The following and not less important fact to be established by courts in these categories of disputes is availability or absence of fact of violation or appeal of the subjective material rights or lawful interests of a shareholder in protection of whose rights a lawsuit is lodged. A corresponding provision is stipulated by paragraphs 19, 39 of the decision of the Plenum of the Supreme Court of Ukraine “On consideration by the courts of corporate disputes” No. 13 as of October 24, 2008.

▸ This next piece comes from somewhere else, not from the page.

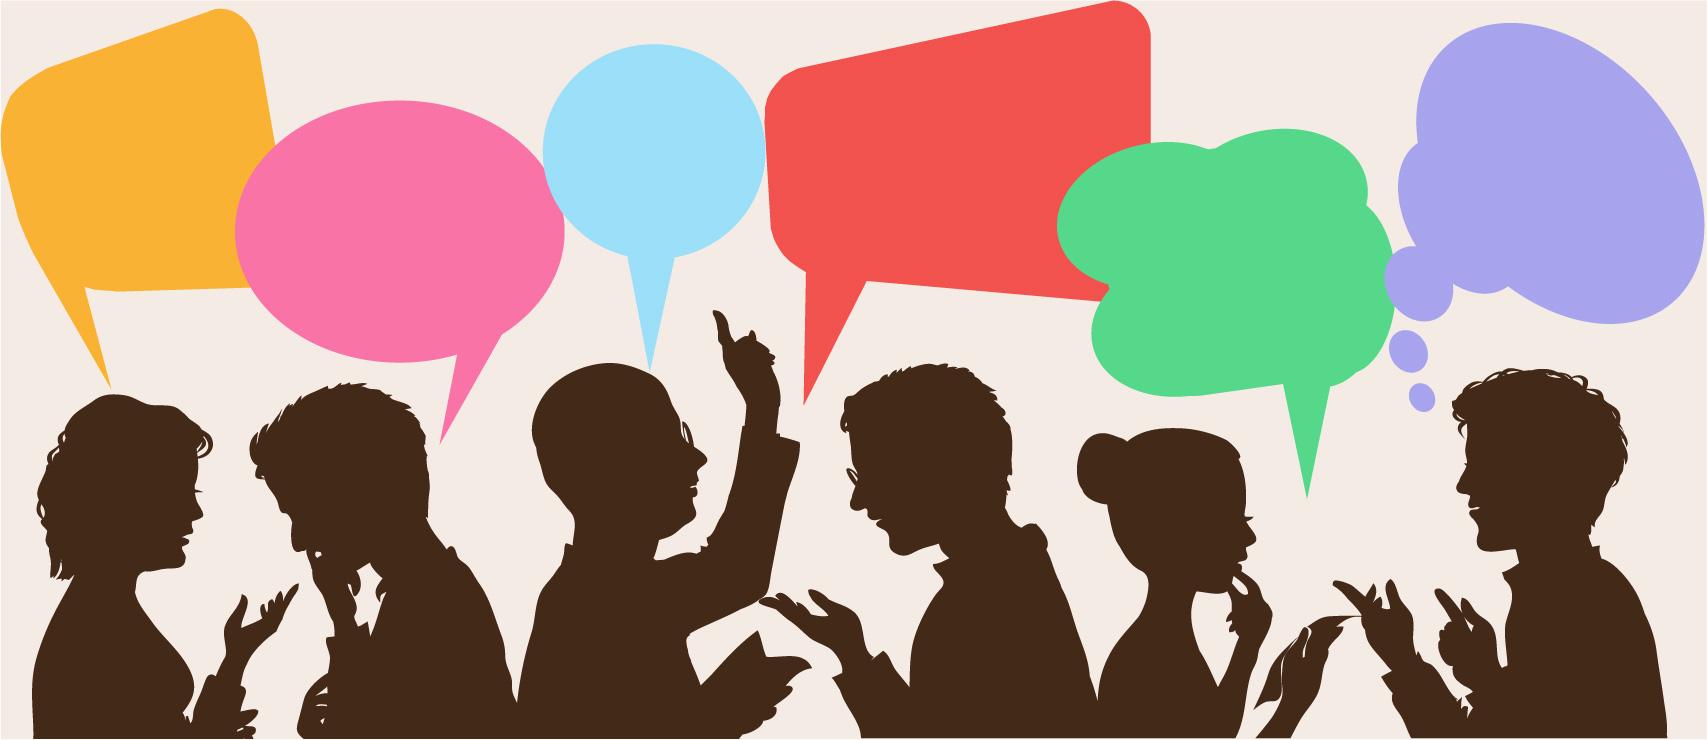 LAS 3 GRANDES CLAVES PARA POTENCIAR TU COMUNICACIÓN EFECTIVA EN EL TRABAJO (O PARA TUS EMPRENDIMIENTOS)

For the purpose of establishment of this fact one should rely on conclusions arrived at by the Constitutional Court of Ukraine in its decision No. № 18-рп/2004 as of December 01, 2004 as for the meaning of the term “legally protected interest”, namely – willingness (not a legal possibility) to use certain material and/or immaterial benefit within legal regulation, as well as a simple legitimate permit (being an independent object of judicial protection) determined by the general sense, objective and not directly mediated in the subjective right.

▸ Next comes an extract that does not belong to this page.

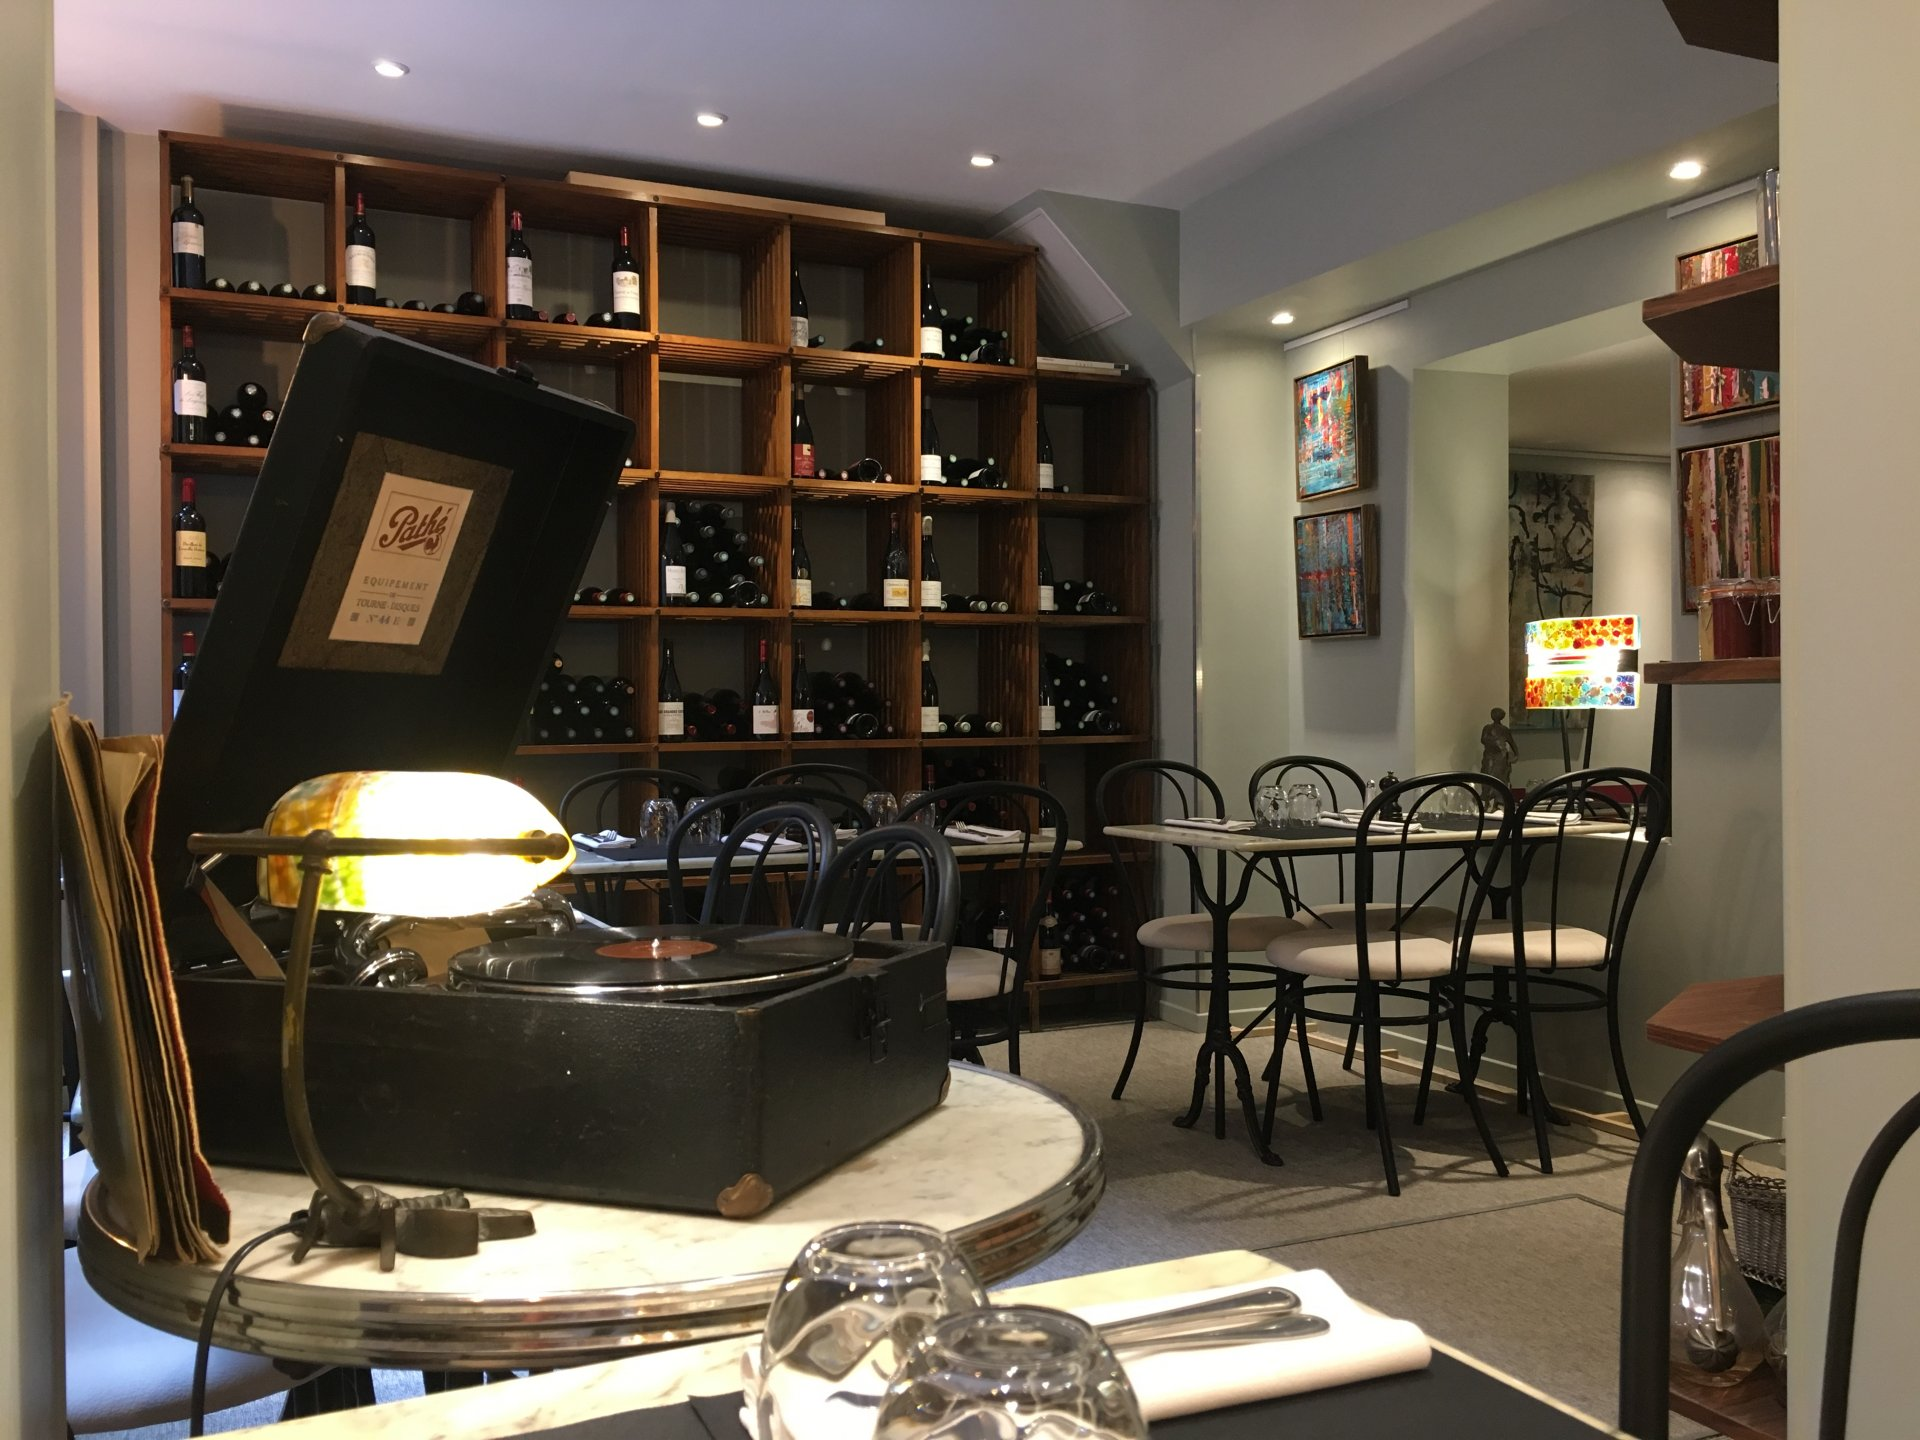 la boutique des vins paris paris offrir cadeau restaurant. Black Bedroom Furniture Sets. Home Design Ideas

Simply said, it goes about real negative consequences suffered by the shareholder in connection with taking of a decision by the supervisory bard or execution of the agreement. Corresponding viewpoint was, in particular, expressed in the decisions of the HECU in the cases No. К14/198-10 as of March 15, 2015 and No. К2/045-11 as of November 06, 2012.

It means that having established availability of the subjective material right pertaining or legitimate interest (in protection of which the lawsuit was filed) to the person who lodged a lawsuit the court establishes availability or absence of the fact of violation or appeal and, correspondingly, upholds a decision on protection of the violated right or dismisses the claimant’s lawsuit if it establishes inconsistency and groundlessness of the stated claims.

So, various practices of consideration of such disputes exist today, but the aforementioned substantiations often constitute decisive points in the process of upholding court decisions. It needs to be noted that courts actually avoid using such wording as “abuse of rights” for denoting the reasons for dismissal of such types of lawsuits regardless of evident nature and aims of the shareholder. It could be possible that such tendency is related to absence of both practical and theoretical basis related to corporate blackmail.